The sentences returned from Prose will be in a JSON array. We can split this array into individual FlowFiles with the SplitJson processor. Add a SplitJson processor to the canvas and set its JsonPath Expression property to $.* as shown below:

Connect the SplitJson processor to the ProseSentenceExtractionEngine processor for the Response relationship. The canvas should now look like this:

Now that we have the individual sentences in the text we can send those sentences to Sonnet Tokenization Engine to tokenize the sentences. Similar to before, add an InvokeHTTP processor and name it SonnetTokenizationEngine. Set its method to POST, the Remote URL to http://localhost:9040/api/tokenize, and the Content-Type to text/plain. Automatically terminate every relationship except Response. Connect it to the SplitJson processor using the Split relationship. The result of this processor will be an array of tokens from the input sentence.

While we are at it, let's go ahead and add an InvokeHTTP processor for Idyl E3 Entity Extraction Engine. Add the processor to the canvas and set its name to IdylE3EntityExtractionEngine. Set its properties:

  • HTTP Method - POST
  • Remote URL - http://localhost:9000/api/extract
  • Content-Type - application/json

Connect the IdylE3EntityExtractionEngine processor to the SonnetTokenizationProcessor via the Response relationship. All other relationships can be set to autoterminate. To make things easier to see, we are going to add an UpdateAttribute processor that sets the filename for each FlowFile to a random UUID. Add an UpdateAttribute processor and add a new property called filename with the value ${uuid}.txt. We will also add a processor to write the FlowFiles to disk so we can see what happened during the flow's execution. We will add a PutFile processor and set its Directory property to /tmp/out/.

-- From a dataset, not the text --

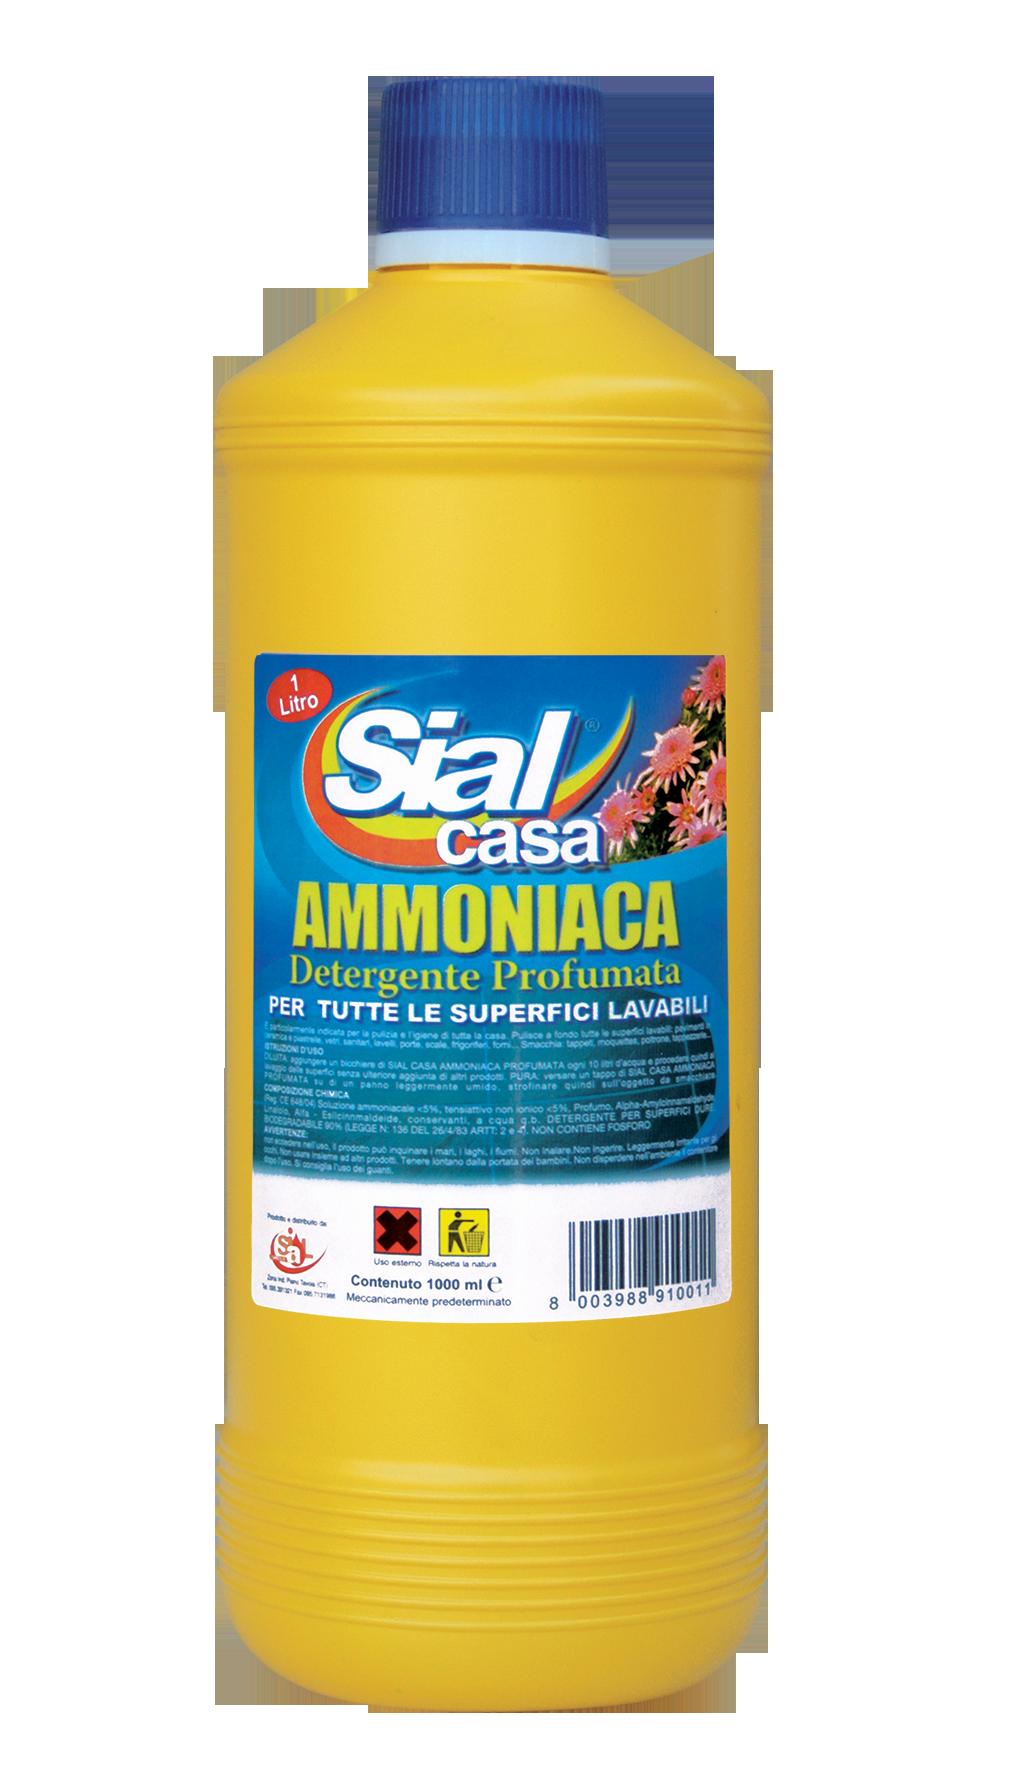 Ammoniaca profumata sial sial offerte e promozioni - Casa pulita e profumata ...

Our finished flow looks like this:

To test our flow we are going to use a super simple text file. The full contents of the text file are:

George Washington was president. This is another sentence. Martha Washington was first lady.

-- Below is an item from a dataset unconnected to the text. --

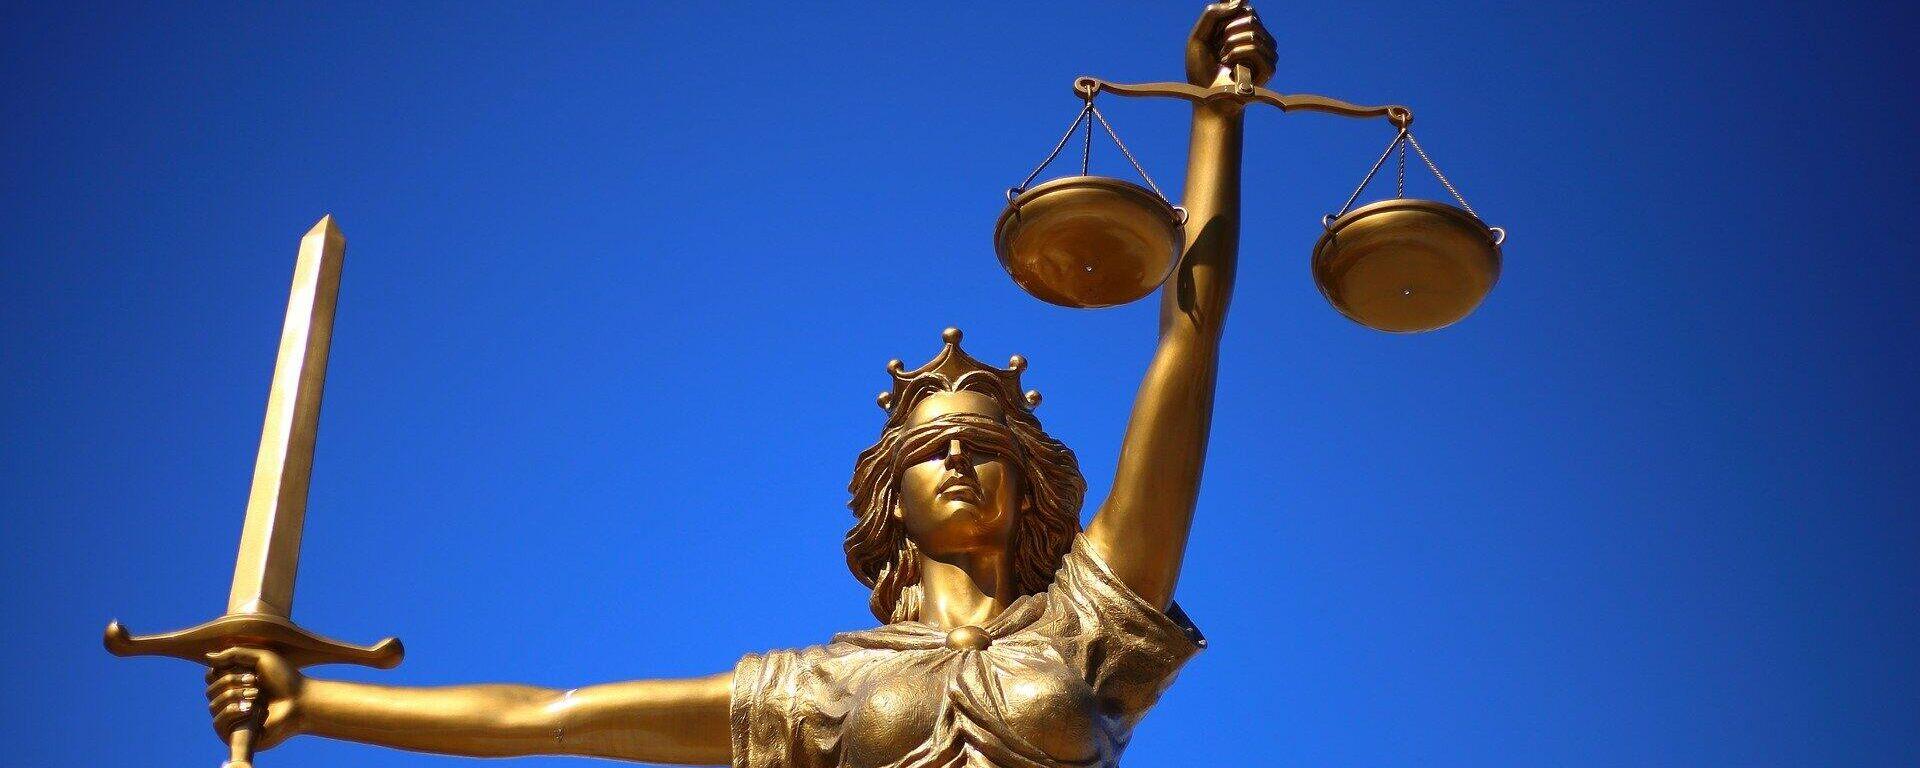 Gerechtigkeit (Symbolbild) - SNA, 1920, 23.09.2021

Save this file as /tmp/in/test.txt.

Now, start up the NLP Building Blocks:

git clone
cd nlp-building-blocks
docker-compose up

Now you can start the processors in the flow! The file /tmp/in/test.txt will disappear and three files will appear in /tmp/out/. The three files will have random UUIDs for filenames thanks to the UpdateAttribute processor. If we look at the contents of each of these files we see:

First file:

{"entities":[{"text":"George Washington","confidence":0.96,"span":{"tokenStart":0,"tokenEnd":2},"type":"person","languageCode":"eng","extractionDate":1514488188929,"metadata":{"x-model-filename":"mtnfog-en-person.bin"}}],"extractionTime":84}

Second file:


Third file:

{"entities":[{"text":"Martha Washington","confidence":0.89,"span":{"tokenStart":0,"tokenEnd":2},"type":"person","languageCode":"eng","extractionDate":1514488189026,"metadata":{"x-model-filename":"mtnfog-en-person.bin"}}],"extractionTime":2}

The input text was broken into three sentences so we have three output files. In the first file we see that George Washington was extracted as a person entity. The second file did not have any entities. The third file had Martha Washington as a person entity. Our NLP pipeline orchestrated by Apache NiFi read the input, broke it into sentences, broke each sentence into tokens, and then identified named-entities from the tokens.

This flow assumed the language would always be English but if you are unsure you can add another InvokeHTTP processor to utilize Renku Language Detection Engine. This will enable language detection inside your flow and you can route the FlowFiles through the flow based on the detected language giving you a very powerful NLP pipeline.

There's a lot of cool stuff here but arguably one of the coolest is that by using the NLP Building Blocks you don't have to pay per-request pricing that many of the NLP services charge. You can run this pipeline as much as you need to. And if you are in an environment where your text can't leave your network, this pipeline can be run completely behind a firewall (just like we did in this post).